“Get out of here!” Hel growled, not because he was uncomfortable with nudity, but because Le Cagot’s tease would go flat if he didn’t seem to rise to the bait.
“He shouts to hide his delight at seeing me again, Hana. It’s an old trick. Mother in Heaven, you have fine nipples! Are you sure there isn’t a bit of Basque in that genetic stew of yours? Hey, Niko, when do we see if there is light and air at the other end of Le Cagot’s Cave? Everything is in readiness. The air tank is down, the wet suit. Everything.”
“I’m ready to go up today.”
“When today?”
“In a couple of hours. Get out.”
“Good. That gives me time to visit your Portuguese maid. All right, I’m off. You two will have to resign yourselves to getting on without my company.” He slammed the door behind him, swirling the scant steam that remained in the room.
After they had made love and taken breakfast, Hana began her packing.

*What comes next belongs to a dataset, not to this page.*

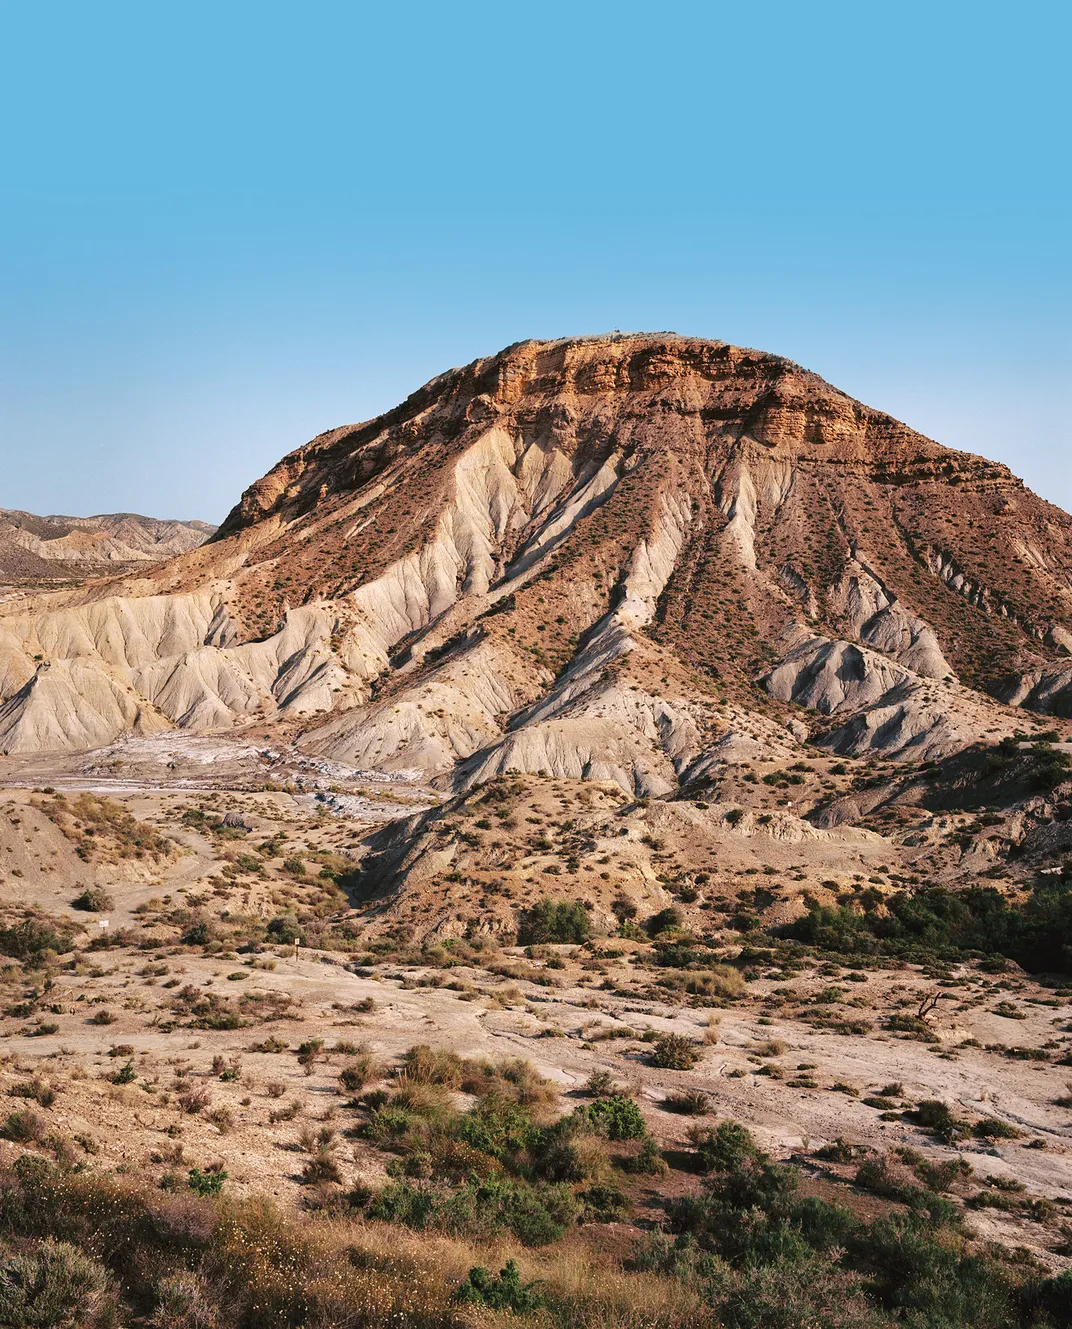 A mountain in a desert region

She had derided to go to Paris because in late August that city would be relatively empty of vacationing bourgeois Parisians.
Hel puttered for a time in his garden, which had roughened somewhat in his absence. It was there Pierre found him.
“Oh, M’sieur, the weather signs are all confused.”
“Is that so?”
“It is so. It has rained for two days, and now neither the Eastwind nor the Northwind have dominance, and you know what that means.”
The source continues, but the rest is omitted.